Part 3: Process Appendix

How I collaborated with AI agents throughout this project — the working method, the prompting techniques, and where domain knowledge shaped the output.

This project was built with Claude as the primary collaborator, with NotebookLM and ChatGPT used for specific verification and cross-checking tasks. What follows is a short account of the working method I found productive, the techniques that made the collaboration useful rather than sloppy, and where my domain training cut across what the AI proposed.

What came from whom

AI generated: initial literature search and parameter sourcing, code implementation of the simulator, first drafts of prose sections.
I contributed: analytical framing, model architecture decisions (what to include and what to cut), all final interpretations and conclusions.
I caught and corrected the AI on: dropping a decorative two-cohort split that added no analytical value; identifying that a Korean progression rate reflected screening intensity, not slower biology; discovering that the code had drifted from the outcome tree diagram during vibe-coded v1 (details in Part 2, "Three Inspection Points").

Collaboration stance

I led the analytical framing. AI was research, drafting, and coding support, not a source of conclusions. When I wanted an opinion I asked for one; the default was for Claude to improve on my thinking rather than generate its own.
Step-by-step pacing. I did not information-dump. I kept each session focused on one or two decisions, confirmed understanding as I went, and carried a written project log across sessions so that continuity did not depend on the AI's memory.

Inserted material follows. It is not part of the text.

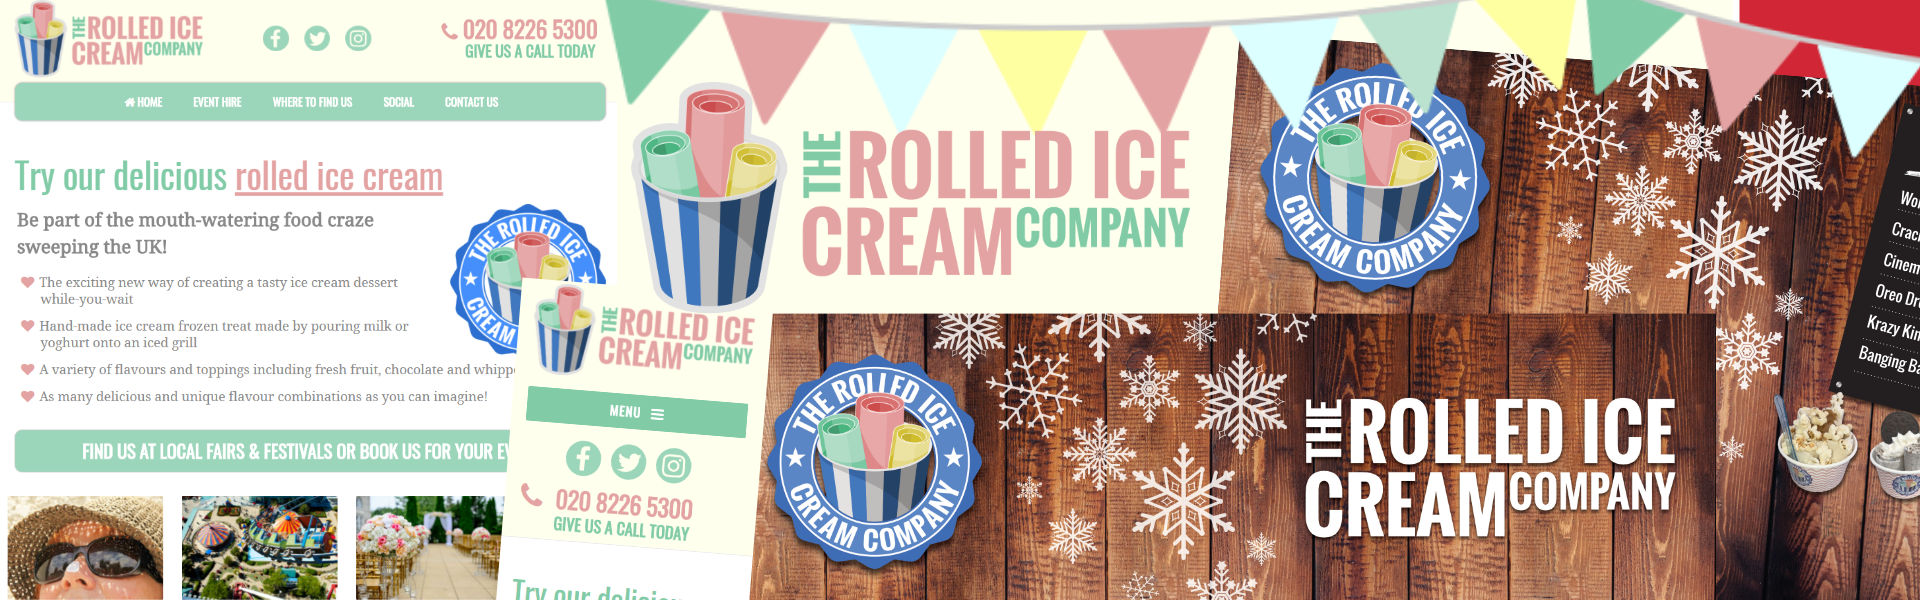 Rolled Ice Cream Design Case Study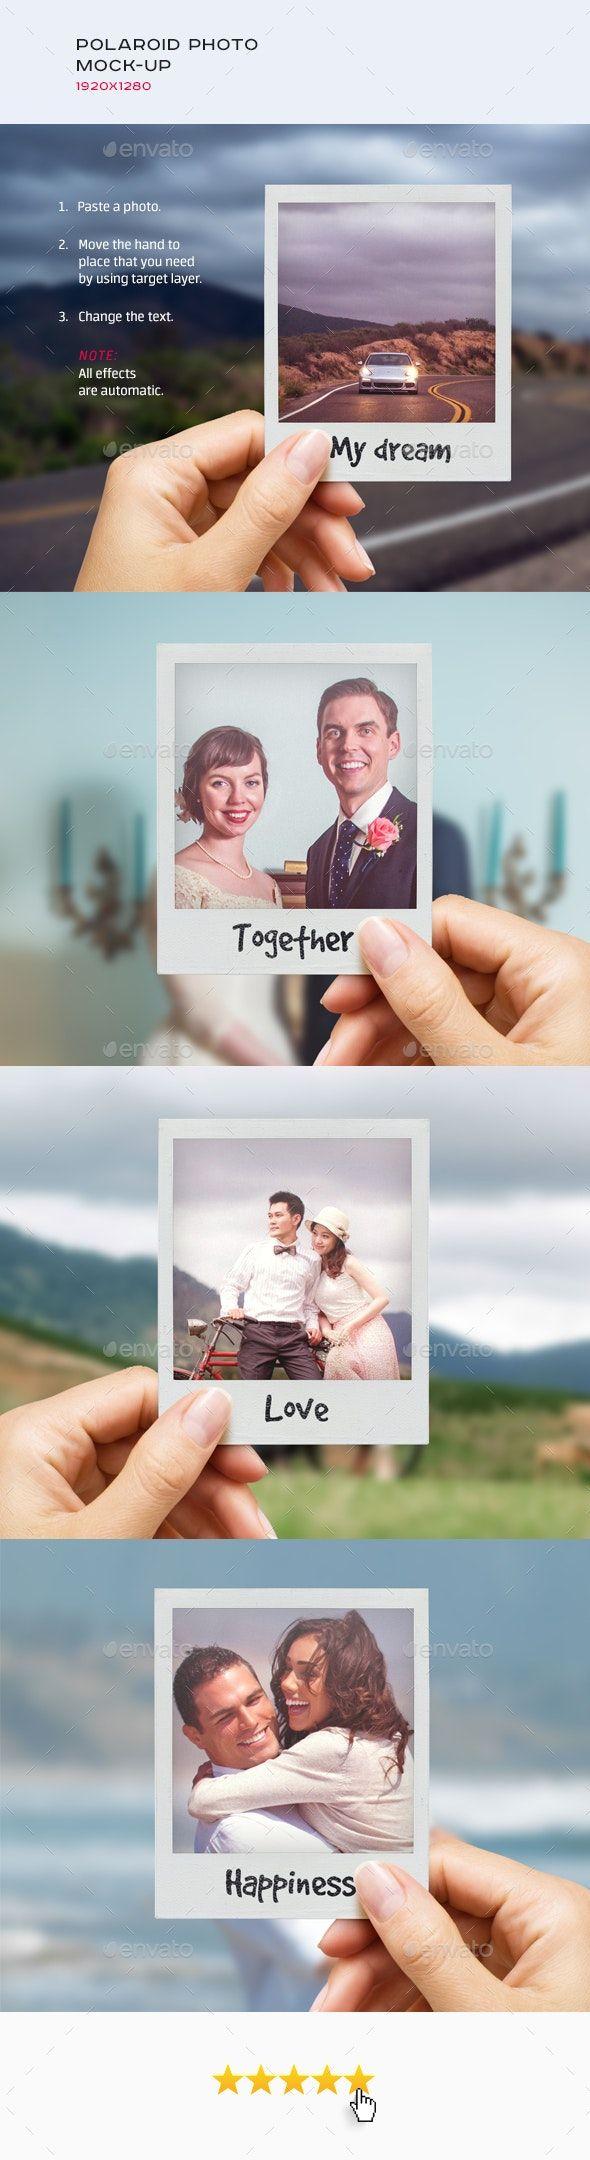 Polaroid Photo Mock Up Fotografi

Prompting techniques that worked

Structured output with provenance tracking

I asked Claude to return research outputs with explicit confidence tags — sourced, derived, judgement, hypothetical — next to every number, along with a named reference. This turned the research document into something I could audit at a glance rather than a wall of prose I had to trust.

Multi-agent verification

For citations that mattered, I pulled the original papers into NotebookLM and asked it to verify specific claims Claude had made. Running a second model against the same source material catches hallucinations that self-consistency checks within a single system would miss.

Intermediate artefacts before execution

Before asking Claude to build the interactive demo, I had it generate the outcome tree as a static diagram. Inspecting the structure as a standalone artefact caught design problems that would have been buried inside running code.

Persona-driven prompting

For open-ended discussion I assigned Claude specific system-level roles — start-up owner, VC investor, sceptical reviewer — which constrained the feedback distribution and kept me from drifting into vague affirmation.

Where domain judgement shaped the output

AI agents have reasonable defaults — but defaults are generic. Three categories of intervention mattered most:

Scope control. Claude's default was to add structure — more branches, finer stratification, extra parameters. These suggestions were individually defensible, but several did not change the output. The useful question was "does this earn its complexity?" Knowing when a model is complete enough is a judgement call that requires understanding what the model is for, not just what it could include.
Contextual interpretation of data. Numbers from the literature are not raw facts; they carry the fingerprints of how they were collected. Observational cohort rates may already include opportunistic eradication effects. Country-level progression rates may reflect screening intensity rather than biology. Claude treated these as face-value inputs by default — a reasonable behaviour for a system without epidemiological training. Flagging when a number means something different from what it says is where domain knowledge is irreplaceable.
Editorial curation. Claude's default when building the demo was to add flexibility — more sliders, more options, more configurability. In a general-purpose tool that instinct is correct. In a demo designed to make one argument legible, extra controls dilute the signal. A cleaner surface does more work than a richer one.